Megan Fritts guides us through the changes Large Language Models are making on our conversational skills, expression and content. LLMs (whether ChatGPT, Claude or Gemini) are wildly popular and widely used to lighten our workloads. But what about the effects on our connection with each other? We consider particular desires for more time for conversation (e.g. by reducing women's domestic labour) and more comfort (especially Gen Z). And if LLMs may help us with frictions and overcome isolation, on first dates or in our long term relationships. We then explore concrete changes in the material of conversation -- our speech patterns and memory or "ownership of ideas" -- as well as the potential social consequences, such as equity.
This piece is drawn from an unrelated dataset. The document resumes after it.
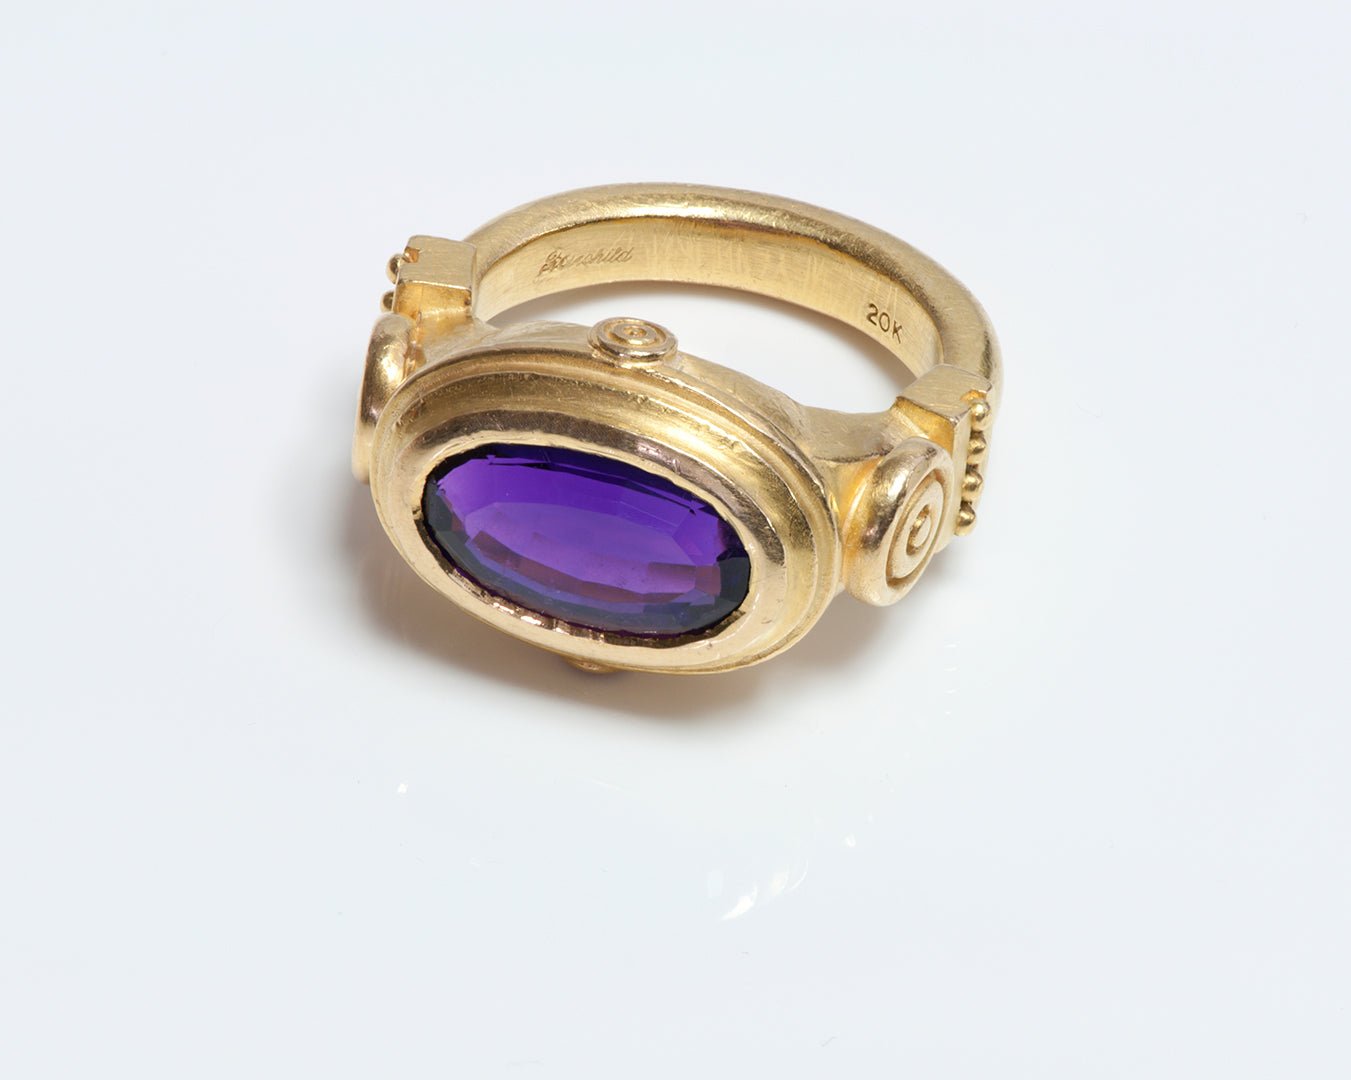 Fairchild & Co. 20K Yellow Gold Amethyst Ring - DSF Antique Jewelry

Megan offers some cautions as she makes the case that we may want to rethink our usage.
We refer to Megan Fritts' publications "A Matter of Words," The Point Magazine (May 2025) and https://www.commonsensemedia.org/sites/default/files/research/report/talk-trust-and-trade-offs_2025_web.pdf
Megan recommends... Re-Engineering Humanity, by Brett M. Frischmann and Evan Selinger. A comprehensive look at how emerging technology in general is affecting and undermining human agency.
Megan Fritts is professor of philosophy at University of Arkansas at Little Rock, researching emerging technologies and human flourishing, and co-host of the podcast Philosophy on the Fringes.